In photochemistry, quinolines are among the most responsive PPG under one-photon activation and exhibit interesting sensitivity under two-photon activation conditions.^8,9 However, to date, their full potential remains largely underexploited. This is primarily due to their moderate solubility and maximum absorption wavelengths that do not extend beyond 400 nm. By tuning electronic density around quinoline core, it may be possible to improve these characteristics but, despite the synthesis of diverse octupolar¹⁰ and quadrupolar probes,¹¹ the increased complexity of such design did not consistently translate into improved performance. Substituents at 7- and 8-positions did not result in major shifts in absorbance but studies on BHQ¹² and CyHQ⁸ by Dore and colleagues revealed acetate cages with uncaging quantum yields up to 0.5.
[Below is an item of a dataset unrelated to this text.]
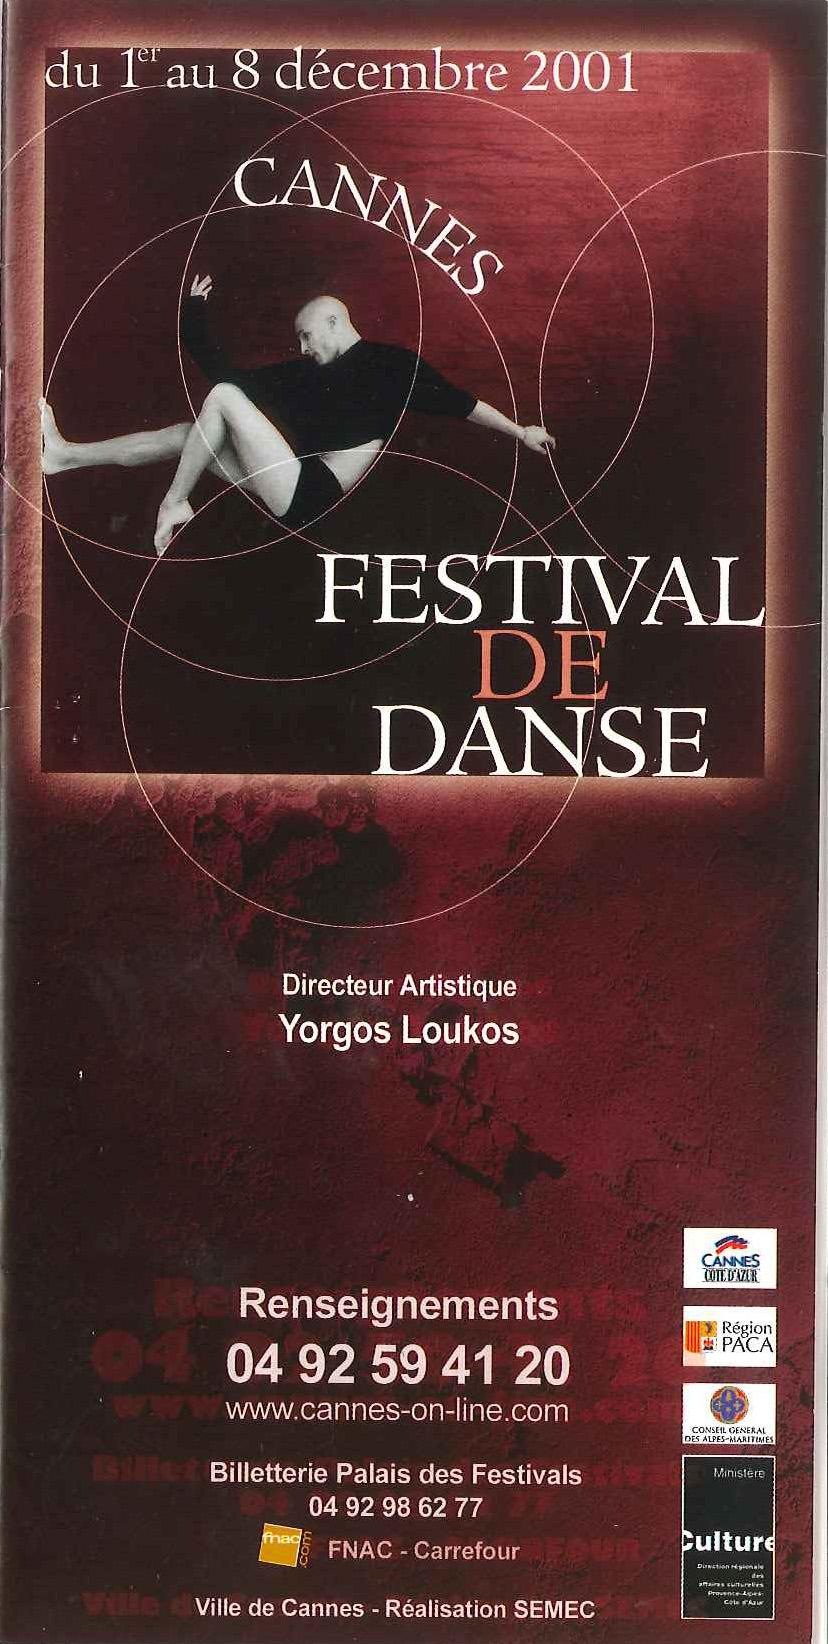 Festival de Danse Cannes 2001

Interestingly, (dimethylamino)quinoline (DMAQ) and cyclic aliphatic amino derivatives were developed and exhibited even higher uncaging quantum yields but limited maximum absorption wavelengths.¹³ Recent advancements introduce N-methylquinolinium derivatives as efficient red-shifted PPGs, (i.e. 458 nm) but their low-yielding synthesis and fragmentation rates remains a major limitation.¹⁴

In this context, we set out to investigate 3-(dimethylamino)phenanthridine (3-DMAPh) as PPG to provide insights into how “benzannulation” or π-extension influences maximum absorption wavelengths as well as other photophysical properties. To study the impact of electron density modifications, we decided to prepare a small library of 3-DMAPhs derivatives bearing electron-withdrawing (EWG) or electron-donating groups (EDG) (Fig. 1).

Fig. 1 General structure of first and second-generation quinoline-based PPGs (top) and novel phenanthridine-based PPGs (bottom).

These novel PPGs were then used to investigate their photophysical properties and study the parameters regulating their photolytic efficiency. They also served as a basis for developing a DFT-based model to rationalise the development of DMAPh-based PPGs further. Acetate was chosen as a model leaving group for DMAPhs as it is often presented on model substrate and this would enable comparison with existing literature data.^8,14,15

The synthesis of 3-DMAPhs started with bromination of acetanilide derivative 1¹⁶ using (1) eqn of NBS at –50 °C to limit disubstitution. This yielded brominated precursor 2 in 85% yield. Next, a range of commercially available arylboronic acids were coupled through the Suzuki–Miyaura reaction. Optimisation of coupling conditions (see Table S1 in ESI†) enabled the efficient preparation of complete conversion of all arylboronic acids. In addition, while 3a–b necessitated column chromatography, compounds 3c–f could be effectively purified through recrystallisation yielding the products with 54–91% yield.

Subsequently, biphenyls 3a–f were subjected to Bischler-Napieralsky reaction conditions to produce the corresponding phenanthridines (4a–f; Scheme 1). Classical conditions using POCl₃ yielded 4a–d with 55–91% yields.¹⁷ However, electron-deficient aryls 4e–f exhibited poor cyclisation. A variety of dehydrating agents are available for the Bischler-Napieralsky reaction.¹⁸ Among these, Tf₂O/Ph₃PO (known as the Hendrickson reagent) and a combination of POCl₃ and polyphosphoric acid (PPA) were tested (see Table S2 in ESI†).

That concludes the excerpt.